As presidential election approaches, Madagascar's lemur sanctuary burns
Rhett Butler,
November 23, 2006
[corrected Nov. 24]

Forest fires are burning crucial lemur habitat and other hotbeds of biodiversity in Madagascar according to reports from the northeastern part of the island. The upcoming presidential election -- a bitterly contested poll -- may be partially to blame for the upswing in destruction says a leading local conservationist.

Madagascar, a biologically rich, but economically poor island country located off the southeastern coast of Africa is almost as famous for its environmental problems as for its lemurs, a charismatic group of primates found nowhere else on Earth. The country is home to some 90 types of lemurs as well as a bonanza of other rare and unusual creatures including a puma-like mongoose, spiny hedgehog-like beasts called tenrecs, and absurdly colorful chameleons. But these creatures are highly threatened by habitat destruction, most of which results from slash-and-burn agriculture that has left less than 10 percent of the island's original forest cover standing.

While the Malagasy government has cracked down on deforestation and launched an ambitious conservation initiative, parts of the country are plagued with corruption, especially in the departments of natural resources at the local level, and legal impotence. The porous local law enforcement allows deforestation to continue with little risk of meaningful punishment for violators and can make conservation efforts futile.

Complicating the issue further, Madagascar is a desperately poor country where most people's day-to-day survival is dependent upon natural resource use. Most Malagasy, as the people of Madagascar are known, never have an option to become factory or office workers; they must live off the land that surrounds them, making use of whatever resources they can find. Their most basic need -- putting food on the table -- far exceeds that of biodiversity and forest conservation. Their poverty costs Madagascar and the world through the loss of the island's endemic biodiversity.

Fire and forest clearing in the Marojejy area. Photo by Paul Atkinson, a Peace Corps worker evacuated from the region after death threats.

Slash-and-burn along trail just outside park boundary. Photo by Paul Atkinson, courtesy of
Slash-and-burn along trail just outside park boundary. Sowing rice on hillsides recently burned near Marojejy National Park. Photo by Paul Atkinson, courtesy of
Lacking other known alternatives, the Malagasy torch the forest despite official prohibition. Each year tens of thousands of hectares of forest are burned to clear land for subsistence rice farming and cattle grazing. However, this year may be worse than usual due to a contentious presidential election that has diverted interest and resources away from forest protection and law enforcement.

"Hell just started here," said Eric Mathieu (, a French conservationist who has lived in Andapa in northeast Madagascar for 13 years while working to preserve Marojejy National Park and Anjanaharibe-Sud Special Reserve. "The slash-and-burn is far worse than usual this year. With presidential elections coming, there is no control. You just have to sit and watch as a useless witness as the forests burn. Large portion of primary forests outside protected areas have been destroyed on the road from Sambava-Andapa. While the politicians campaign, the forests burn. Lemurs are losing habitat"

Lemurs aside, Mathieu says that slash-and-burners are putting their long-term livelihood at risk by forest clearing.

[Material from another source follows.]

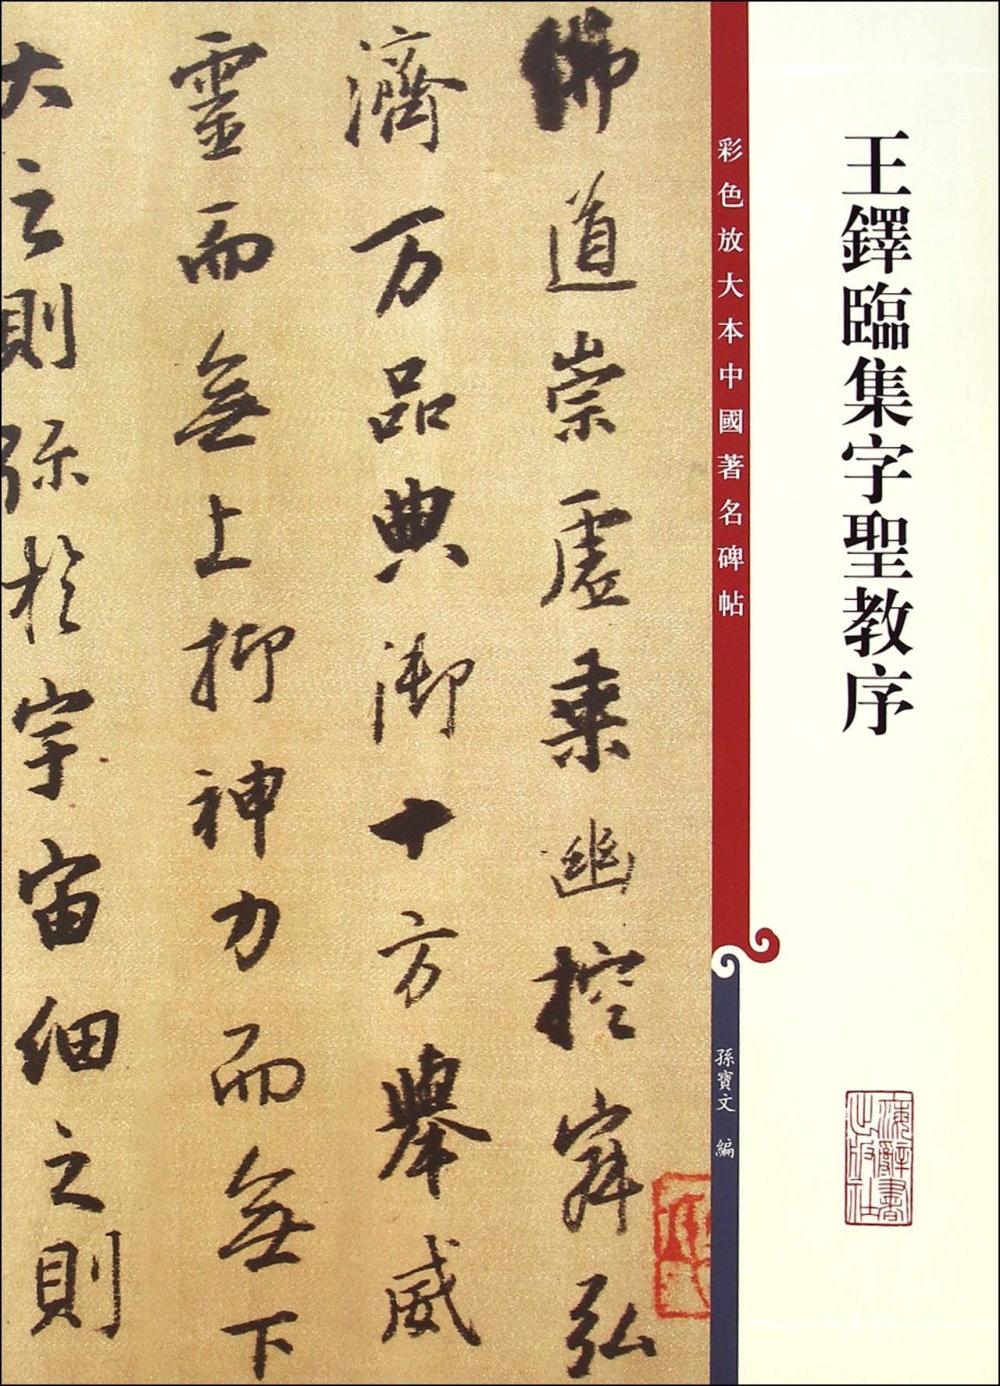 彩色放大本中國著名碑帖:王鐸臨集字聖教序

"We're witnessing a people commit collective suicide for future generations," he lamented. "It's sad to watch the future go up in smoke. Every year November to January are depressing months. Too much smoke in the air. Too many fires around. Too many days without blue sky, just an orange ball floating in a bitter mist.... but this year is worse so far."

Madagascar votes on December 3rd. Incumbent president Marc Ravalomanana, who has faced a military coup and an uptick in protests in recent weeks, is widely expected to win the election. Unlike his predecessor Didier Ratsiraka who was a disaster both for Madagascar's environment and economy, Ravalomanana is a favorite among environmental groups for his stance on conservation, which has netted the country tens of millions of dollars in aid. Still as the polls approach, it is becoming apparent that no party needs the return of political stability more than his country's forests.

"I am heartbroken that this great people [the Malagasy] are doing something so bad for their future," said Mathieu. "Just pray that after the election something will be done.".